If you've got a 55G don't add another species, three is plenty for a 55G especially since you want 5-6 inch fish.


----------



## cichlidaholic (Dec 7, 2005)

DJRansome said:


> If you've got a 55G don't add another species, three is plenty for a 55G especially since you want 5-6 inch fish.


I agree, 100%.

You should also be aware of the potential for crossbreeding between the Yellow labs and red zebras. If you plan to distribute fry from this tank, you might choose one of those two species rather than keep both.

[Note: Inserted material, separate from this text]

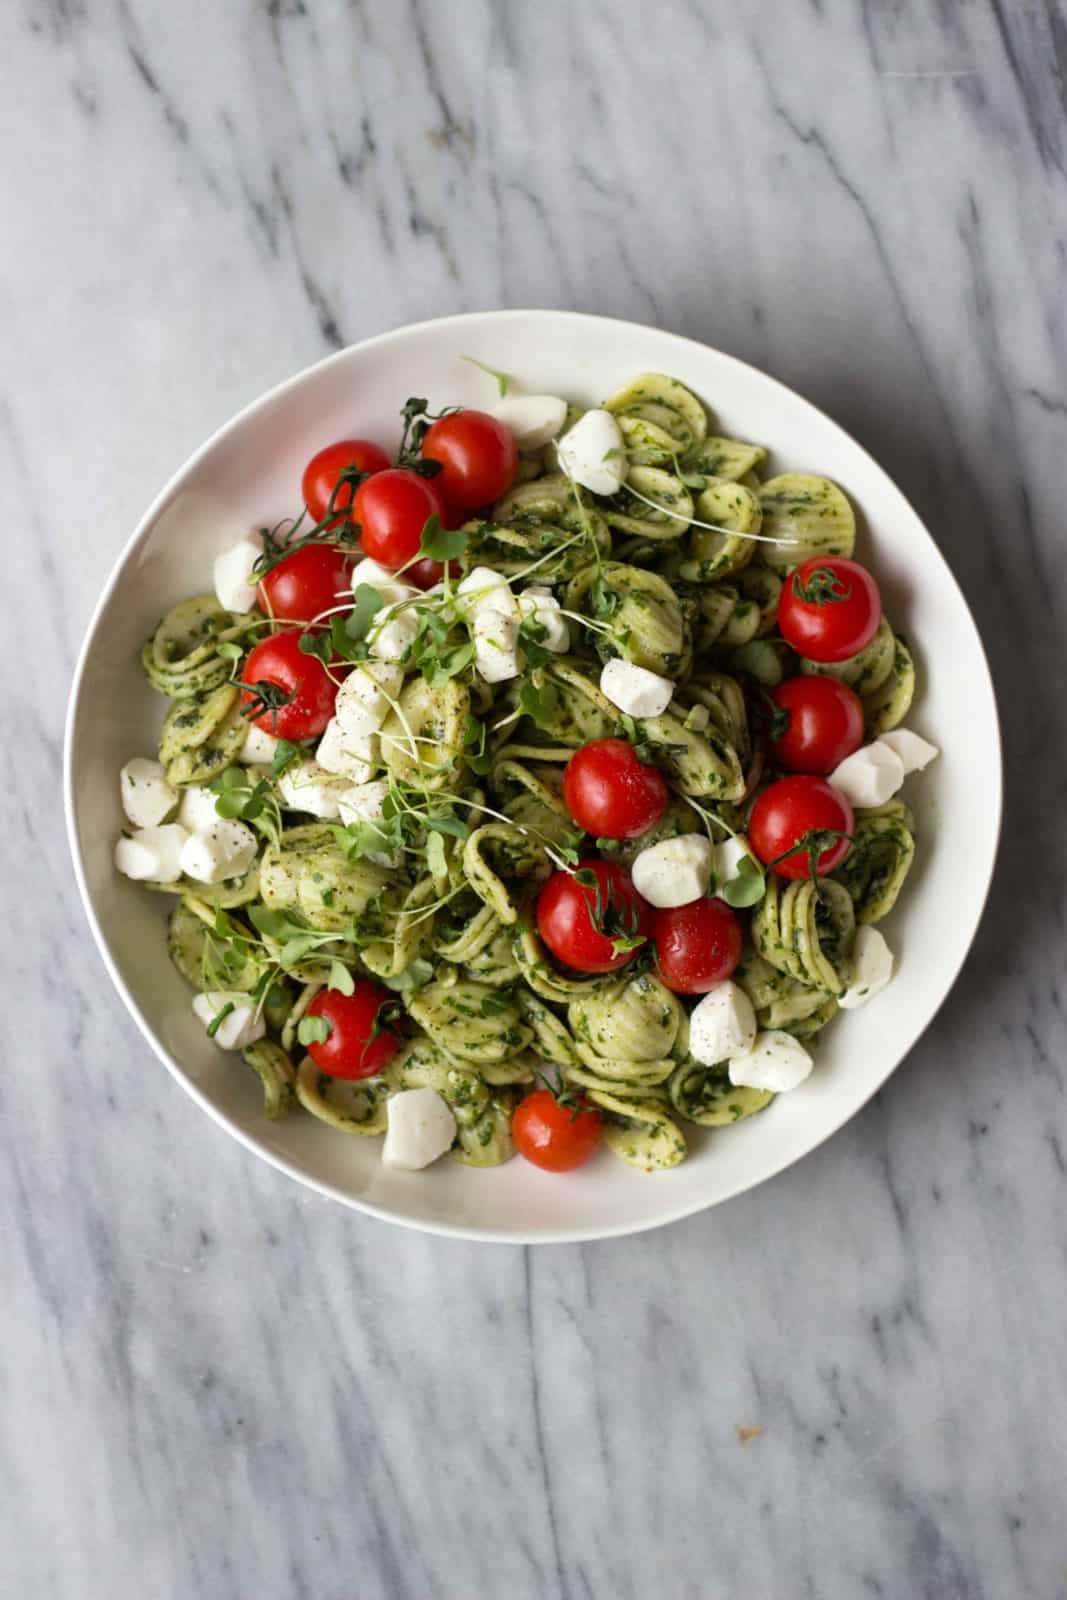 Caprese Pasta Salad made with pesto from leafy greens.

Rather than add a 4th species, I would make the groups for the 3 species you already have larger - this may also help decrease your risk for hybridization. :thumb:


----------



## rrcoolj (Apr 8, 2008)

Interesting...I always thought fish had to be similar in color to hybridize. So How about I just add another red zebra, socolofi, and yellow lab. Will that work?


----------



## cichlidaholic (Dec 7, 2005)

cichlidaholic said:


> You should also be aware of the potential for crossbreeding between the Yellow labs and red zebras. If you plan to distribute fry from this tank, you might choose one of those two species rather than keep both.

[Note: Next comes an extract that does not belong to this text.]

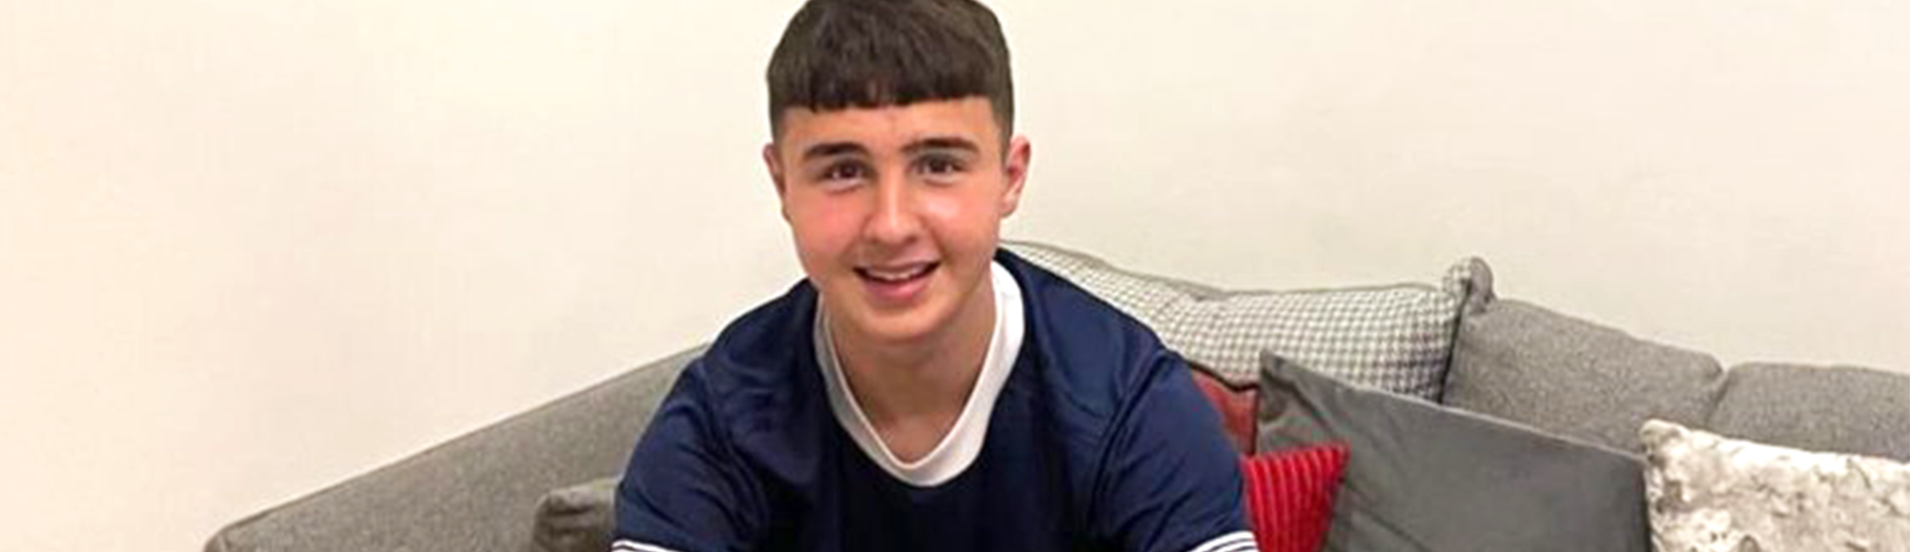 Teenager launches Scotland Euro 2024 ticket raffle to fundraise for Caudwell Children

Just in case you overlooked this earlier... :wink:

Any mouthbrooders will hybridize if you don't keep the breeding groups in the proper male/female ratios. These fish are harem breeders, meaning you need multiple females per male of a species.

For some reason, we are seeing more and more red zebra/ yellow lab hybrids in the hobby. Both are impossible to sex without venting, so a large part of this problem can likely be contributed to them being kept in too small of species groups, but no matter how large the groups and how certain I was of the sexes for each species, I would not house those two species together if I planned to distribute fry.

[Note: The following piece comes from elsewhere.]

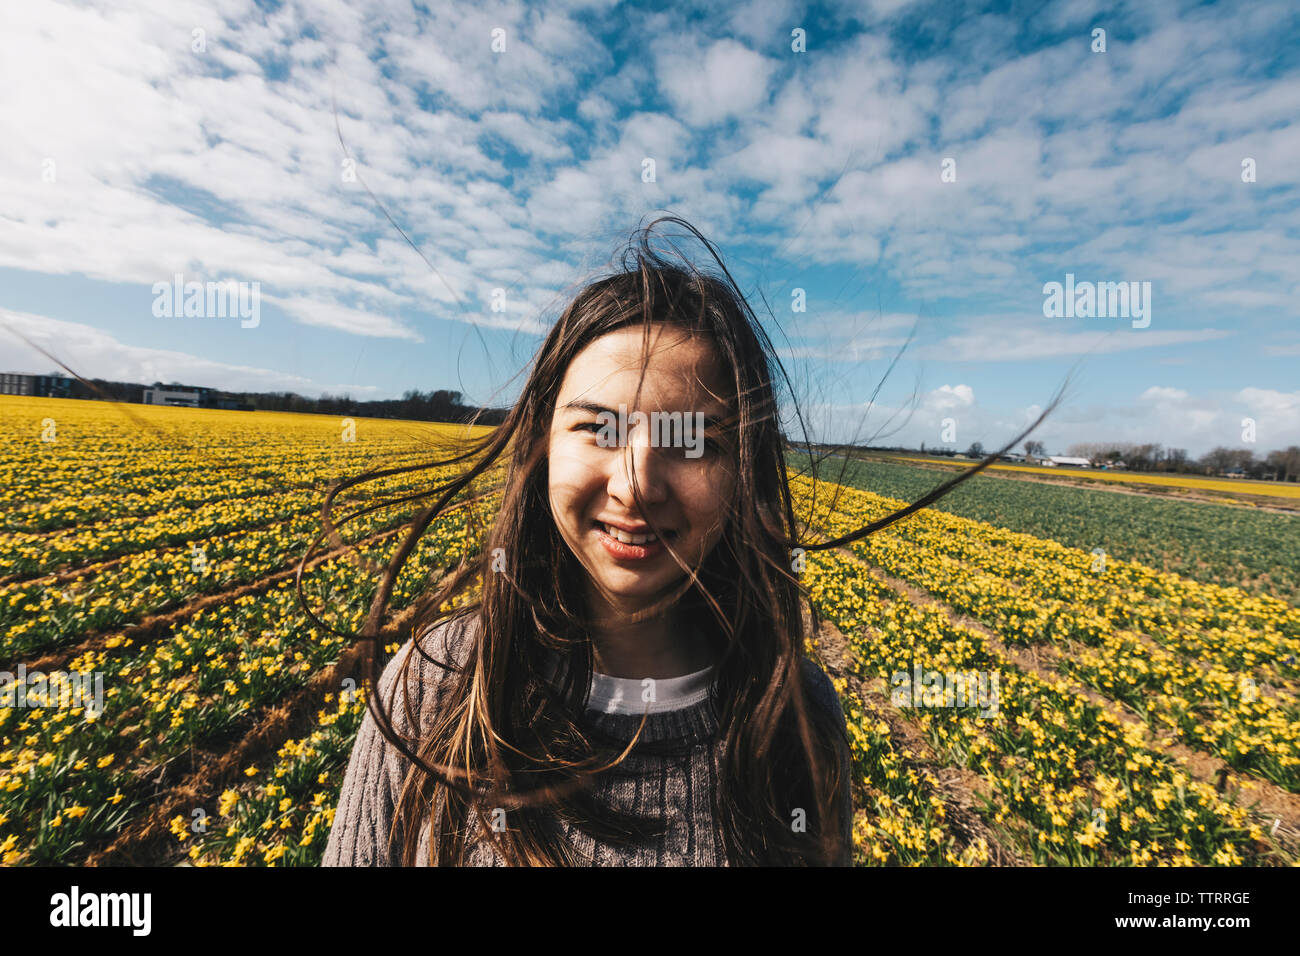 Wind blowing in long hair of woman standing on country field. Stock Photo

They look great together, I know!


----------



## Terrence23 (Oct 2, 2008)

cichlidaholic said:


> For some reason, we are seeing more and more red zebra/ yellow lab hybrids in the hobby. Both are impossible to sex without venting, so a large part of this problem can likely be contributed to them being kept in too small of species groups, but no matter how large the groups and how certain I was of the sexes for each species, I would not house those two species together if I planned to distribute fry.
> 
> They look great together, I know!


Are all these hybrids we see in LFSs and big box pet stores like Petsmart and Petco really the fault of hobbyists distributing hybrid fry? I would think most places selling fish would get their stock from big commercial breeders since hobbyists would seem to be an unreliable source of steady supply. I would hope these commercial breeders had enough sense to segregate their species populations but given all the weird hybrids and badly bred yellow labs I see in tanks at the stores, I guess not!


----------



## rrcoolj (Apr 8, 2008)

yeah I don't plan to sell any fry producded. Any fry produced will be kept in my tank.


----------



## Gibbs (Apr 21, 2008)

Elongatus mpanga would be an excellent choice. Although they are tagged as dimorphic, really the dominant fish of the harem will display best whether male or female. Males and females are really hard to tell apart, venting is the best way to single out a male. 
Even the subdominant mpanga is very attractive showing a deep purple that IMO look nicer then alot of other species even as the dominant one and you don't get the aggression pain that comes with some others.
So no not one colourful fish, many, just one that looks a bit nicer then the rest of it's mates


----------



## DJRansome (Oct 29, 2005)

But still, it's a 55G tank with three species already.


----------